Тов. Арватов строит удивительный силлогизм: «Содержание равно словам; слова у Брюсова не новые; следовательно, содержание стихов антиреволюционное». Таблицы и служат для доказательства «меньшей посылки» силлогизма, и тов. Арватов, действительно, победоносно доказывает, что в книге «В такие дни» словарь — тот же, что в прежних моих книгах.
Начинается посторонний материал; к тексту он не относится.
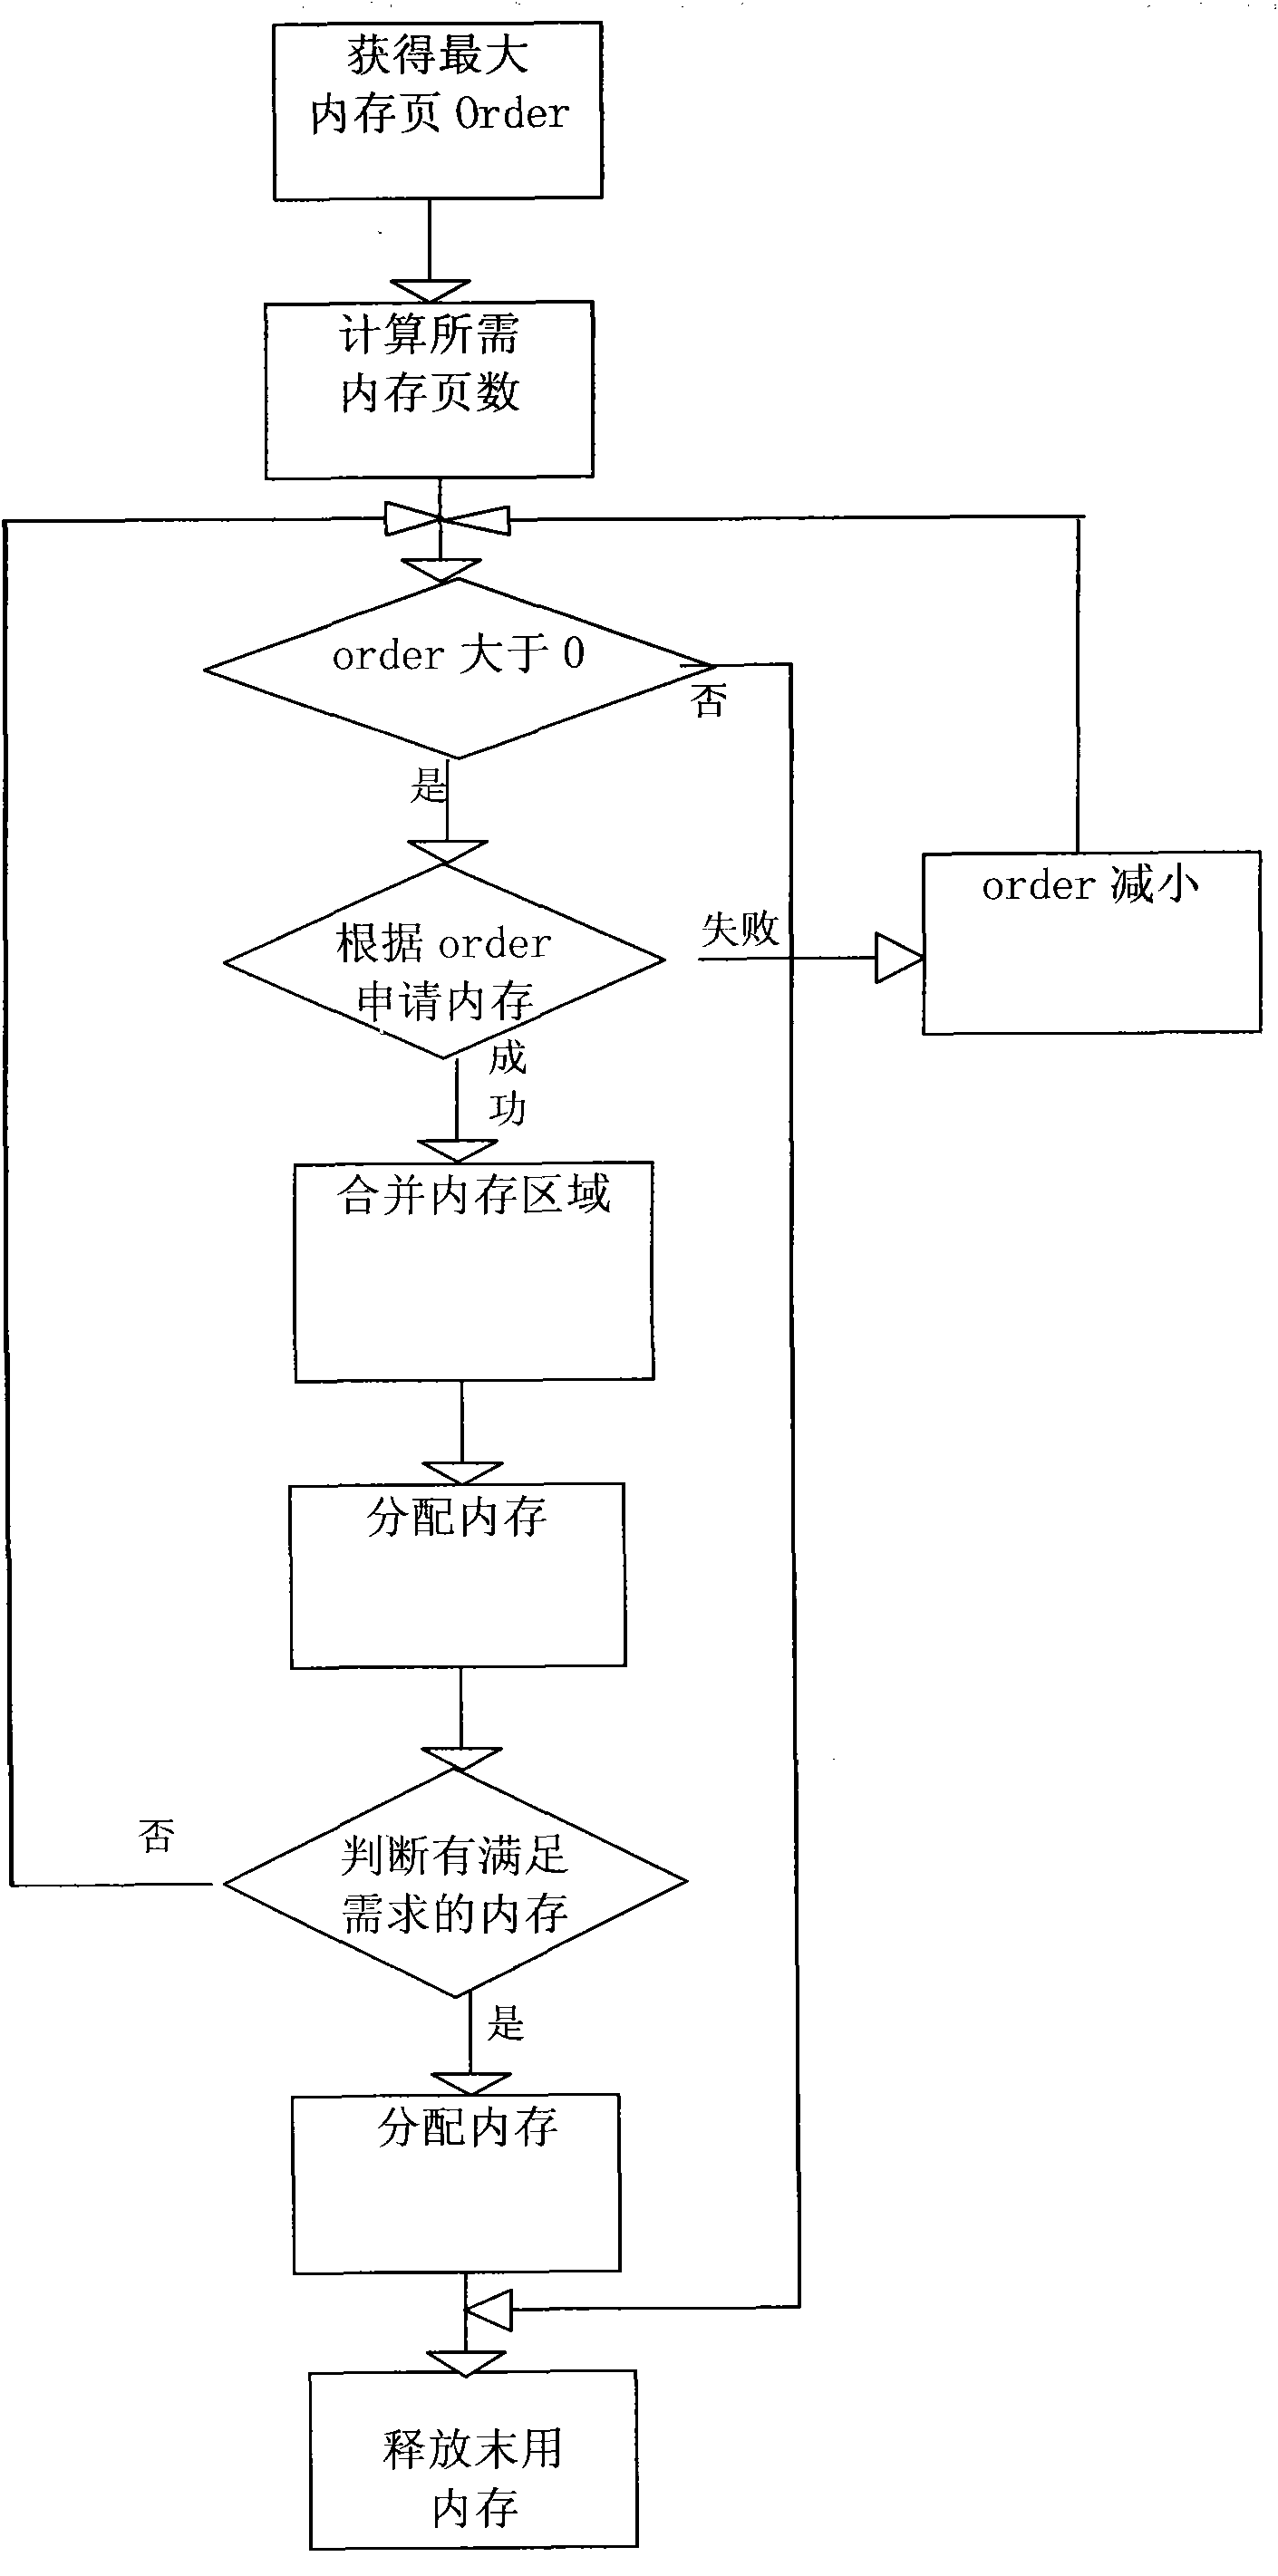 Method for distributing large continuous memory of kernel

Но что сказать о подразумеваемой «большой посылке»: «содержание равно словам»? Что сказать о методе критики, рассматривающей только слова, а не то, что эти слова значат! Как это ни нелепо, но это очень характерно для тов. Арватова и для всего русского футуризма («левого фронта»). Весь его смысл в истории нашей поэзии в том и заключался, чтобы выработать новые формы. Вопросы формы, в частности словаря, и остались единственно интересующими футуристов. Словарь не футуристический? — стало быть, стихи плохи: вот подсознательный ход мыслей тов. Арватова и смысл его статьи… На этом можно было бы и покончить с тов. Арватовым, но в его статье есть столько неожиданностей, что некоторые стоит отметить.
«Все нормальные люди, — пишет тов. Арватов, — говорят ветер, а поэт (то есть я) должен возглашать по-церковнославянски — ветр и т. д.».
Не правда ли, изумительная ссылка на язык «всех нормальных людей» со стороны футуриста! Все «нормальные люди» говорят лилия, а соратники тов. Арватова еуы; они же, поэты «левого фронта», говорят бобэоби, вэокми, дыр-бул-изыл т. п., и тов. Арватов это одобряет (см. его статью «Речетворство», «Леф», № 2). Итак, дело не в том, чтобы в поэзии говорить «как все нормальные люди», то есть разговорным языком. Зачем же тов. Арватов из полемических целей пользуется аргументом, в который сам не верит? Хорошо ли это?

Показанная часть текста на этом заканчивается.